Эти госпитальные дни, хотя были в них и боль, и страдания, все же остались в памяти, как дни светлого душевного отдохновения и неторопливых раздумий, когда оттаявшее после передовой сердце, распахнутое и подобревшее, вбирало в себя весь мир с его многообразием судеб и подробностей быта, когда хотелось подолгу всматриваться даже в какой-нибудь пустяк и не спеша, вроде даже отстраненно осмысливать слова и поступки людей.

Эту уравновешенность во мне укреплял, возможно, Шурка своим ровным отношением ко всем. Он появлялся обычно по утрам, от него всегда пахло простым мылом, свежестью, холодной водой; садился около меня:

— Ну как нога?

К другому у него был другой вопрос: «Небось не болит уже?» или: «А ведь рука-то у тебя уже сгибается? А ты не верил!» Только сейчас понимаю, что он никогда не приходил с дурными вестями.

— Ты, давай, ногу свою лечи понадежней, — говорил мне Шурка. — Нашей бы травки тебе! На любую хворь у нас травка растет. Я в аптечный медикамент не шибко верю. Все эти порошки да мази аптекари из всяких формул в колбочках складывают. А траве сама земля сок дает и назначение: одной быть ядом, другой — на здоровье человеку.

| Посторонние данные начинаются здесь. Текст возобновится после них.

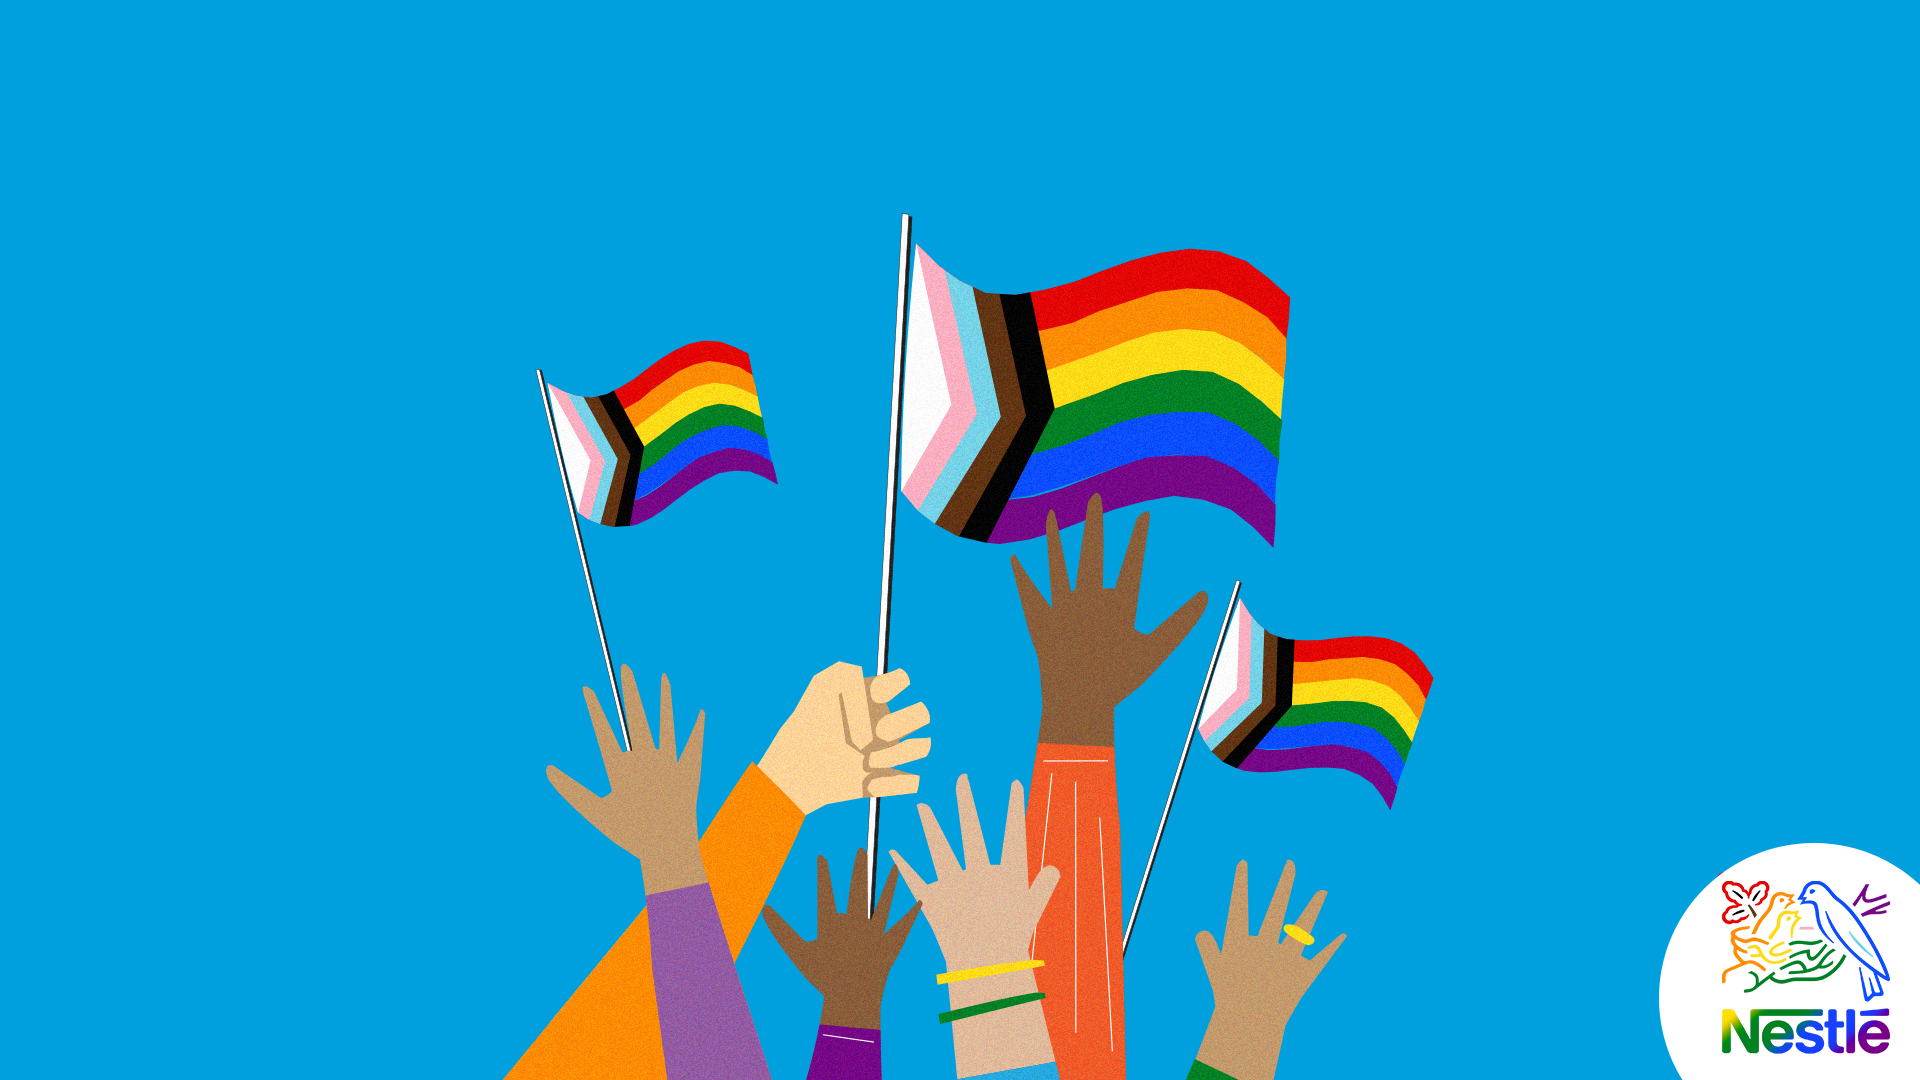 Illustration of hands holding up a Pride flag

До войны сам собирал и сдавал на пункт, деньги за это платили!..

Родом Шурка был с Алтая. Дома оставались у него отец и мать. Было еще два брата. Убило обоих. На разных фронтах воевали, а похоронки в один день пришли. «Война не просто беда, а еще с надбавкой!..» — Шуркина фраза.

Он не спеша ходил меж коек, кому подушки взобьет, кому судно подаст и унесет — и все не брезгливо, не угодливо, просто человек в работе. Я понимал, что скоро ему снова на фронт. И верил, что и там будет он делать все с той же мерой доброты, умения и надежности…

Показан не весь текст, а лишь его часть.